AMS measurements of cosmogenic nuclide concentrations resolve mountain landscape evolution and the glacial history in the Pamir, Central Asia

Secondary cosmic rays interact with terrestrial materials in the atmosphere and near the Earth's surface to produce cosmogenic radionuclides. The production and accumulation of cosmogenic ¹⁰Be and ²⁶Al in quartz allows geologists to investigate processes of landscape evolution such as erosion, landsliding, sediment transport and deposition on time scales of thousands to few millions of years. The Pamir mountains at the western end of the India-Asia collision zone have been in the focus of geologic research since the early 2000s. While the tectonic evolution of the Pamir is increasingly well understood, the drivers of Pamir landscape evolution remain elusive. The western Pamir is characterized by an extreme topographic relief with summit and valley elevations of 6-7 km and 2-3 km, respectively; the eastern Pamir is a low-relief plateau at ~4 km. This contrast may be attributed to higher precipitation in the western Pamir driving faster river incision and erosion compared to the arid east. Alternatively, the relief may be controlled by spatially variable, tectonically forced surface uplift. Field observations suggest that Pleistocene glaciation of the Pamir was much more extensive than modern glaciation, and that glaciation had a significant impact on the evolution of the Pamir landscape.
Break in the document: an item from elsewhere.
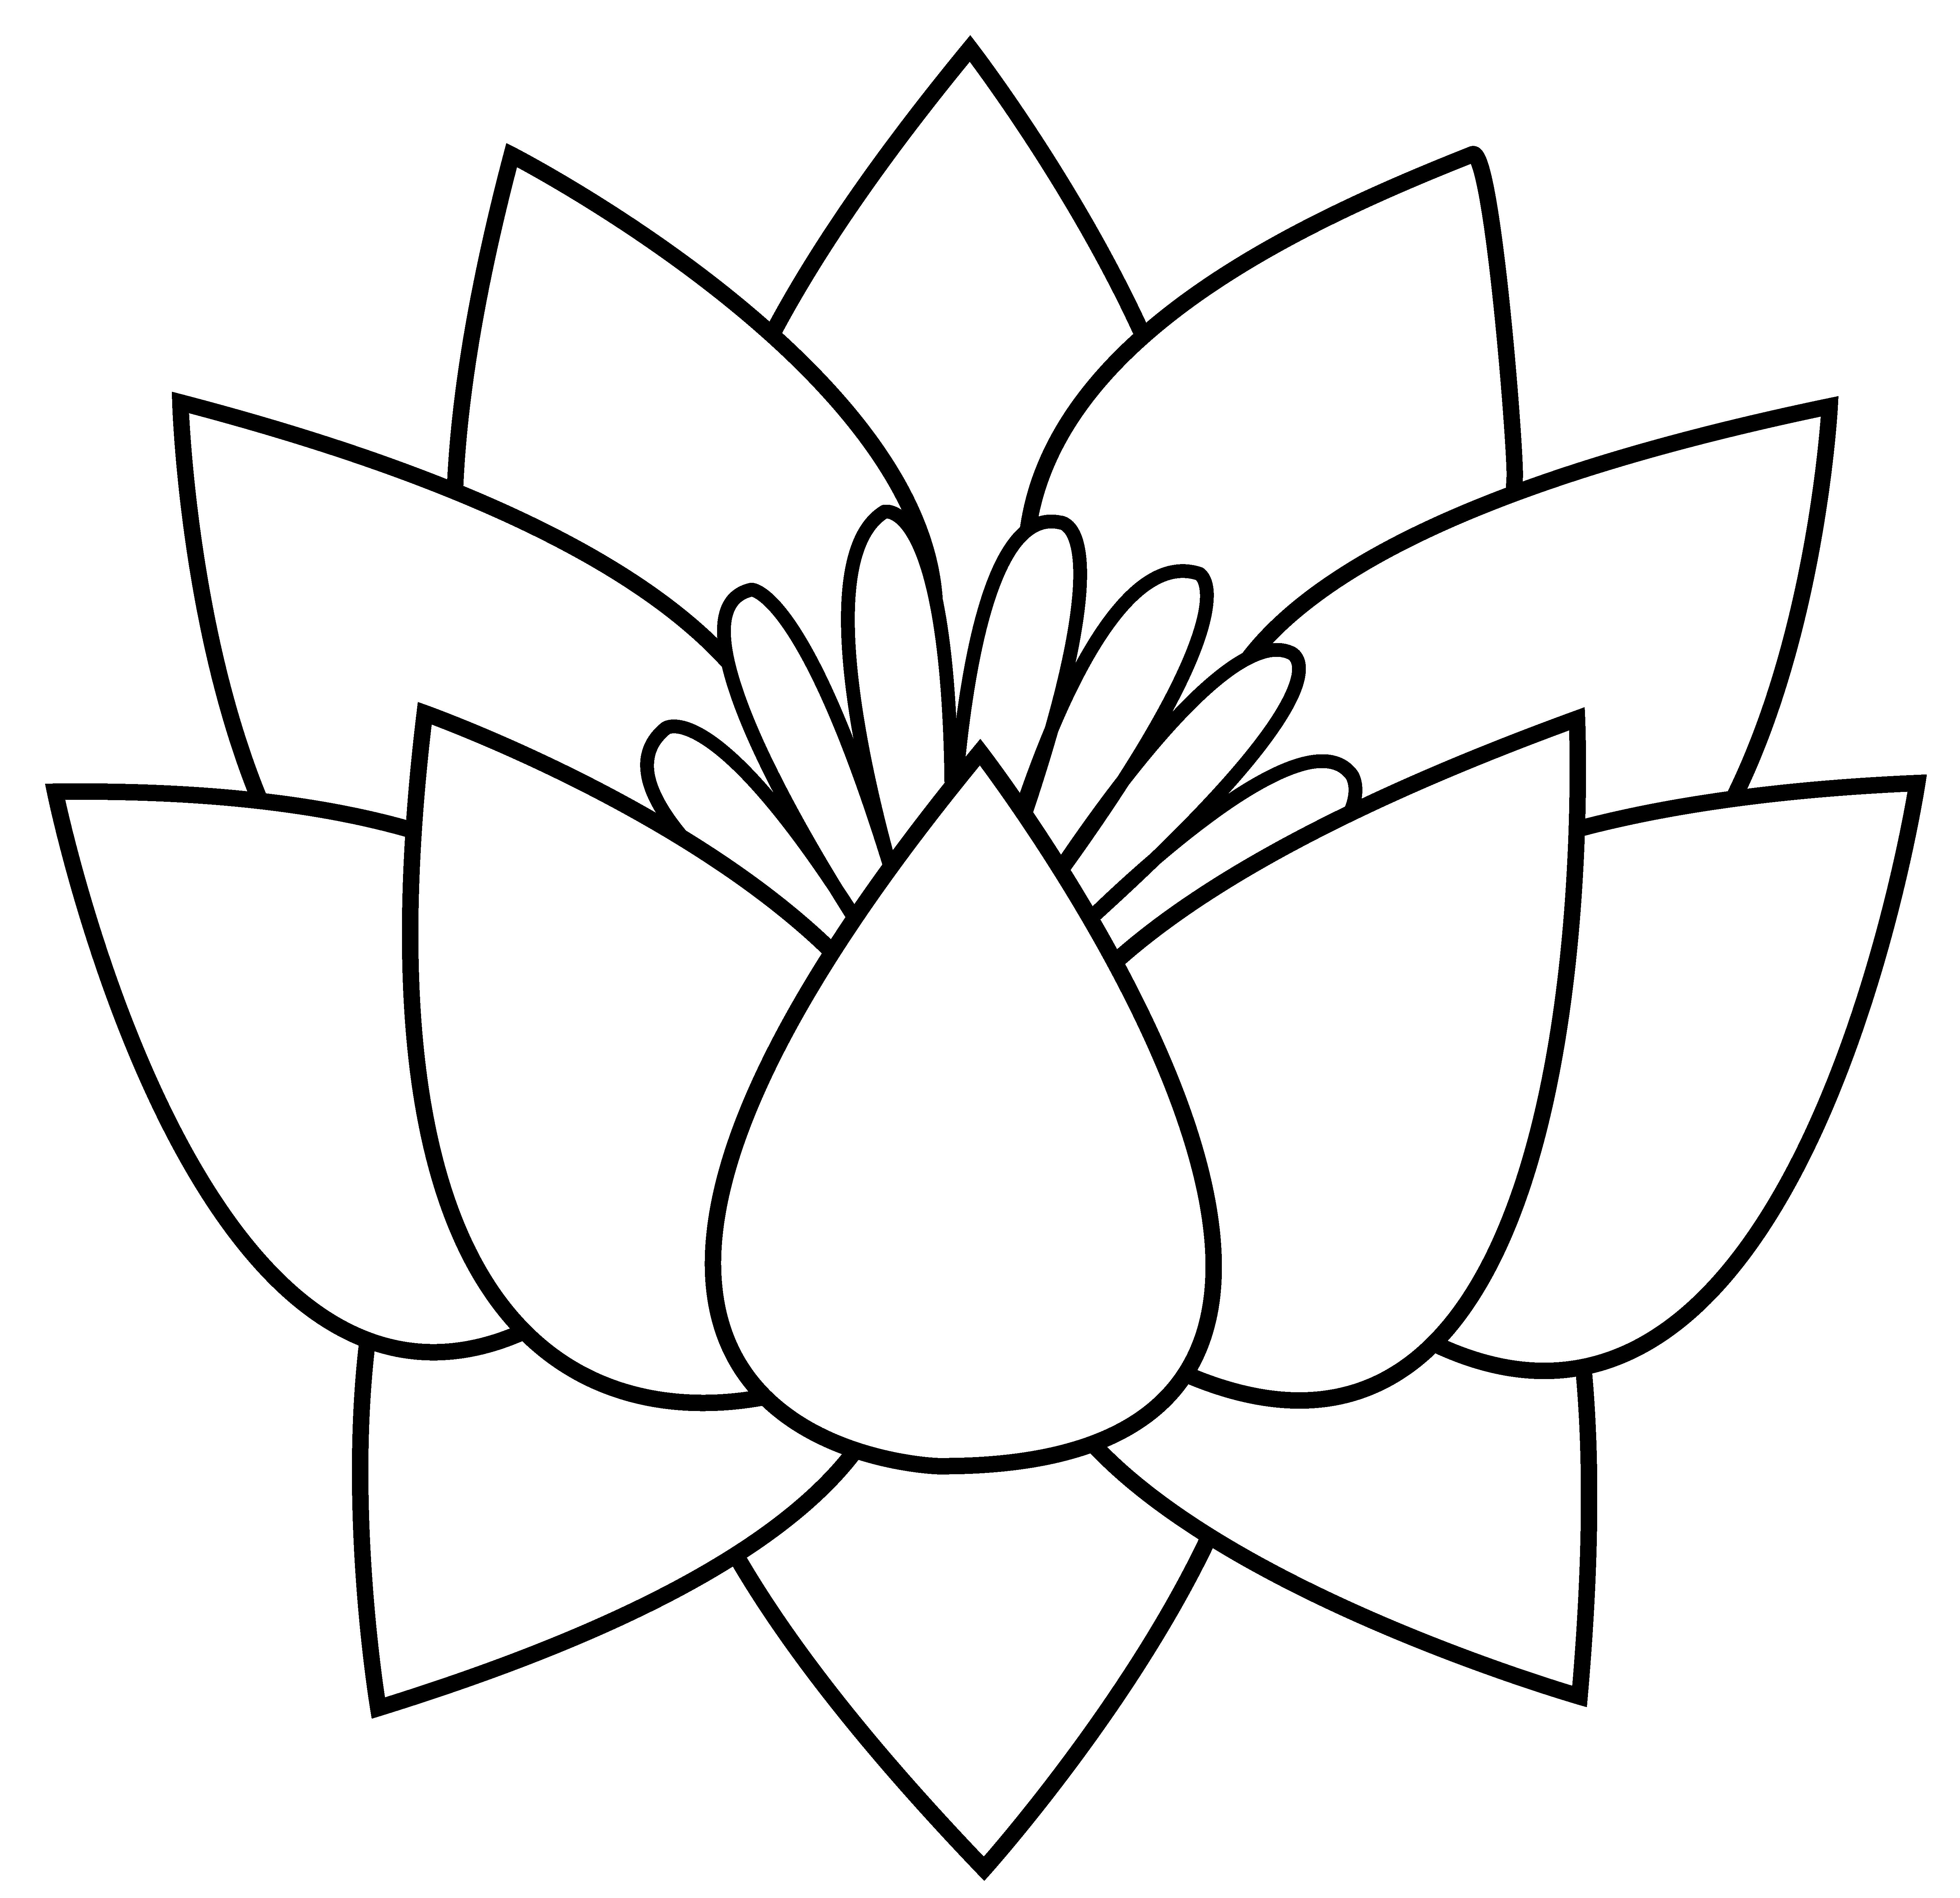 Lotus Flower Lineart Png 5953 5764 Flower Drawing Lotus Flower Drawing Lotus Flower Images
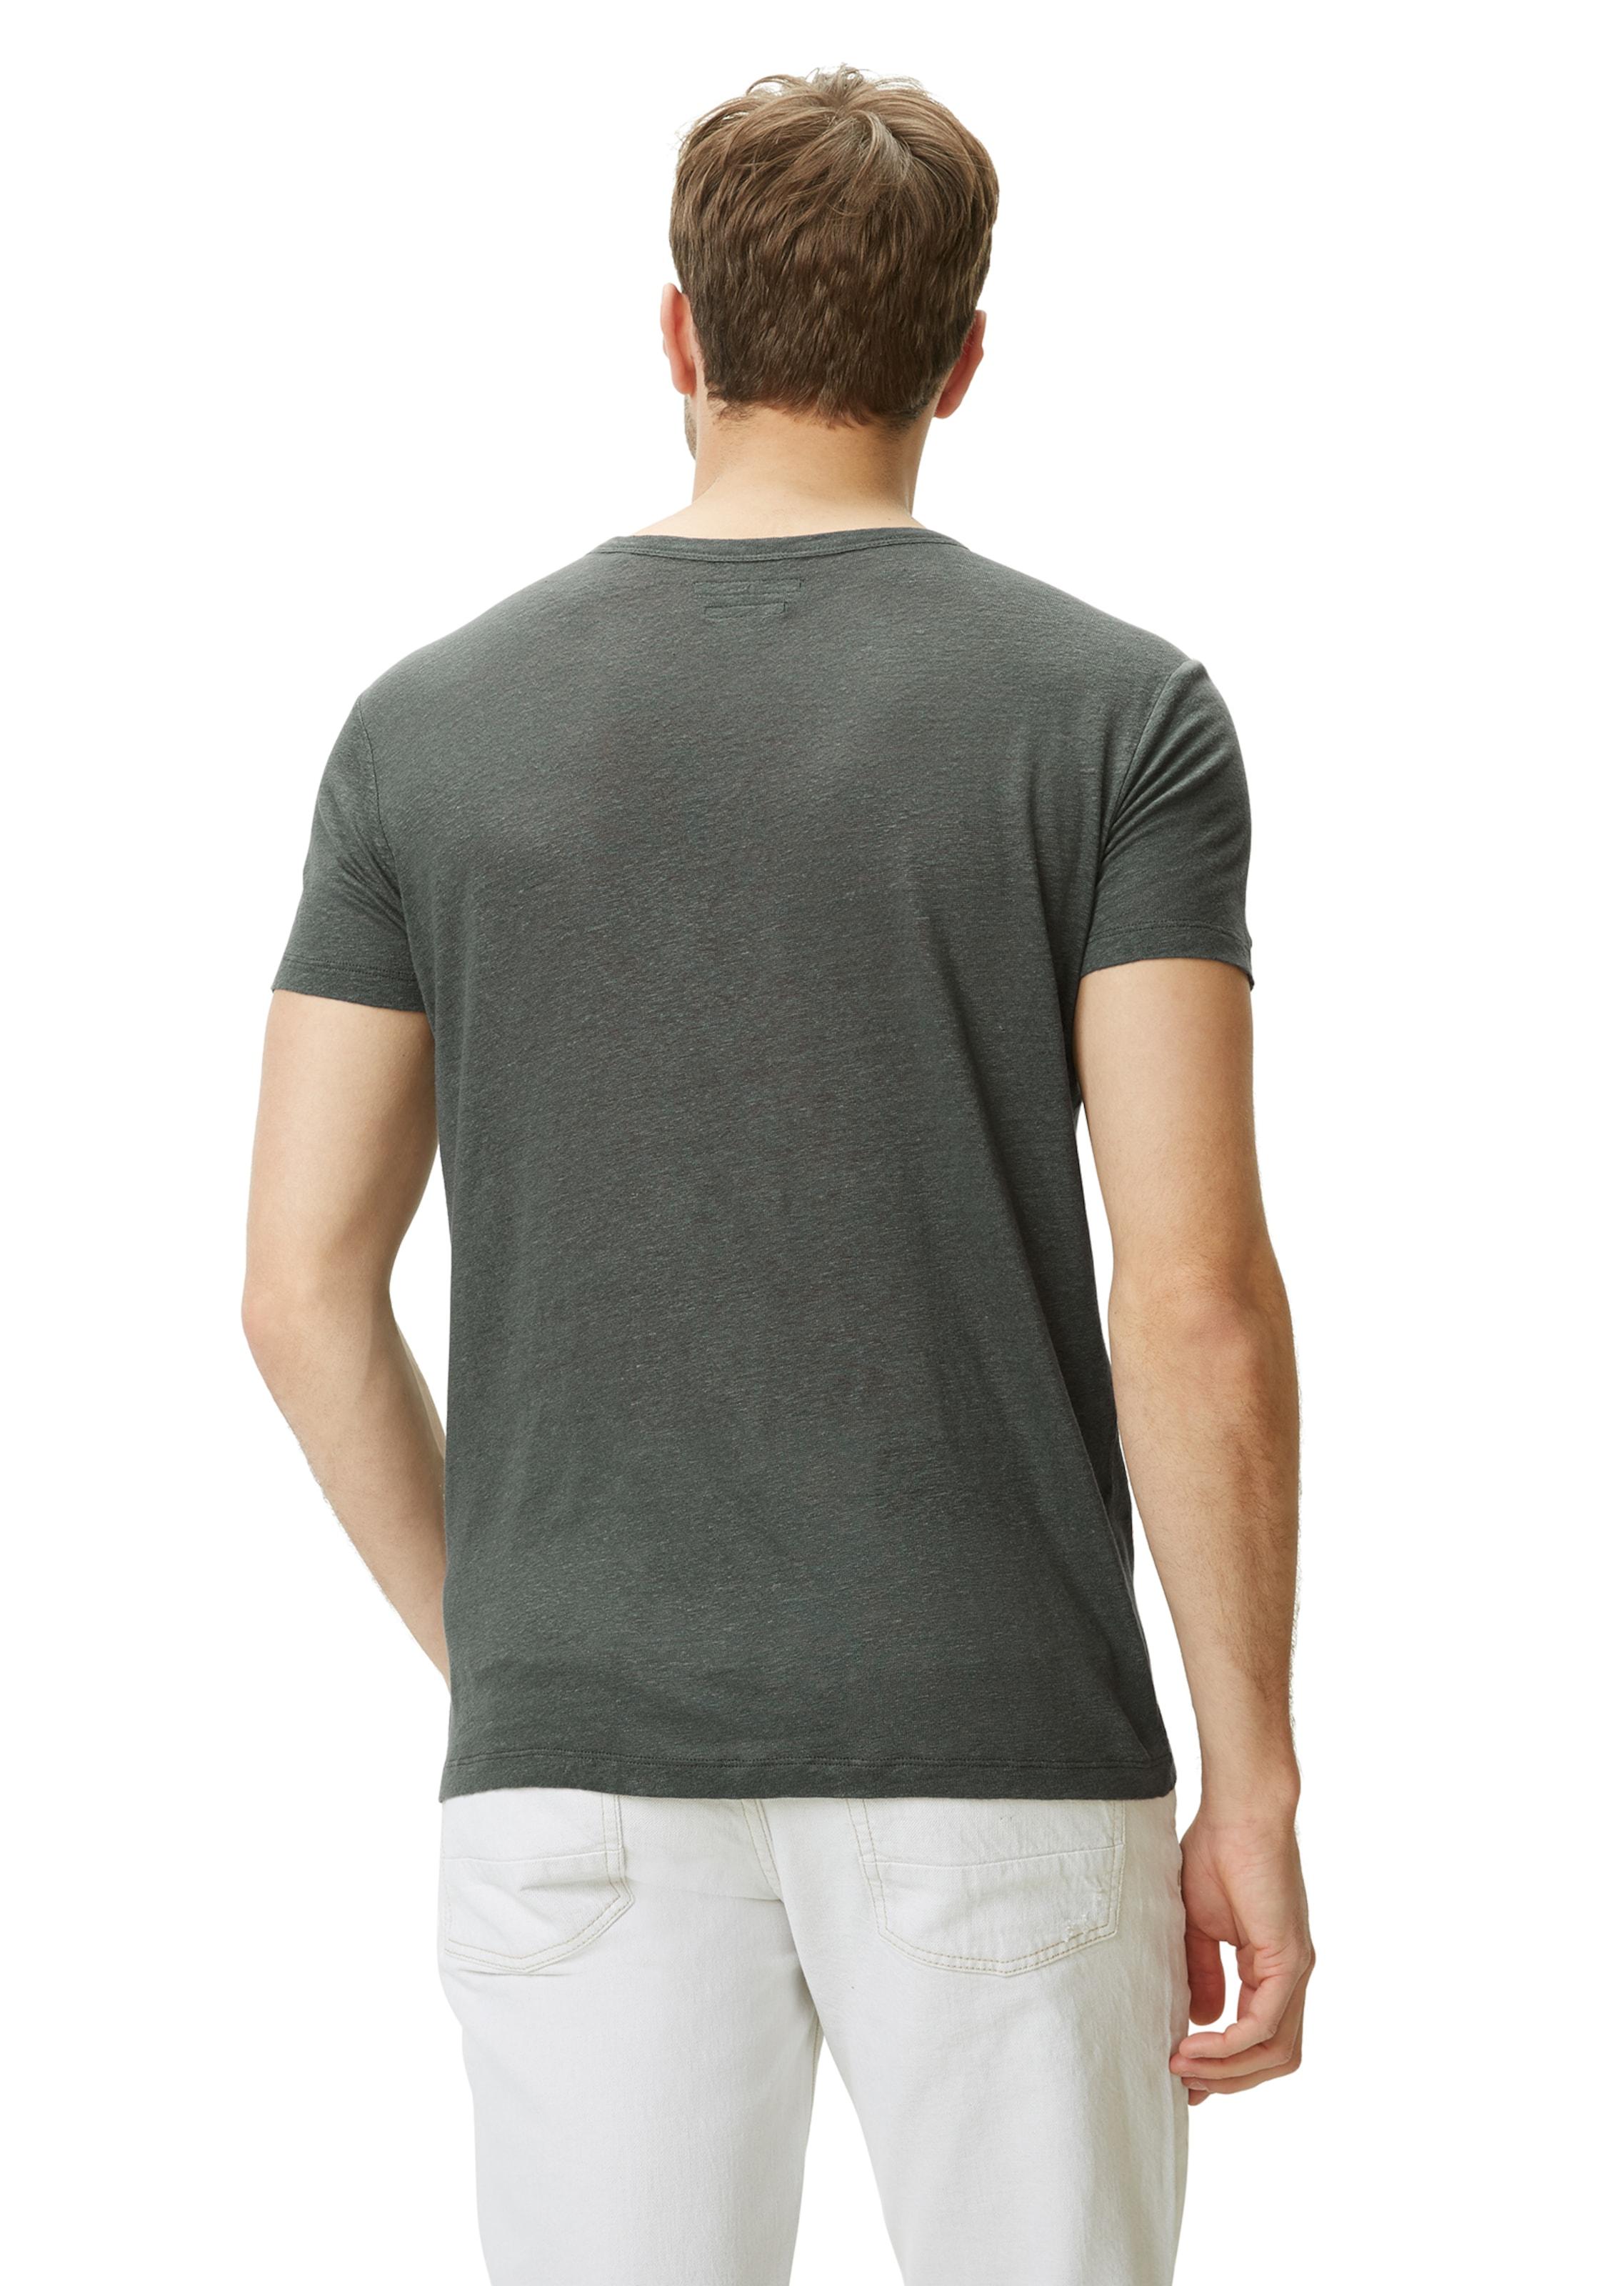 Marc Basaltgrau T In O'polo shirt j354LqRA

We use cosmogenic ¹⁰Be and ²⁶Al concentrations in moraine boulders, glacially polished bedrock and glacio-alluvial sediment deposits to determine the timing and extent of past glacial stages with the goal to better understand what controls landscape evolution in the Pamir. Our results indicate that early Holocene (~10 ka) glaciation was more extensive than previously thought, and that at that time the western Pamir was much more strongly glaciated than the east. The most widespread glaciation occurred at ≥200 ka covering most of the western Pamir and possibly also much of the east Pamir plateau. These results strengthen our hypothesis that the glacial history of the Pamir had a significant impact on its landscape evolution.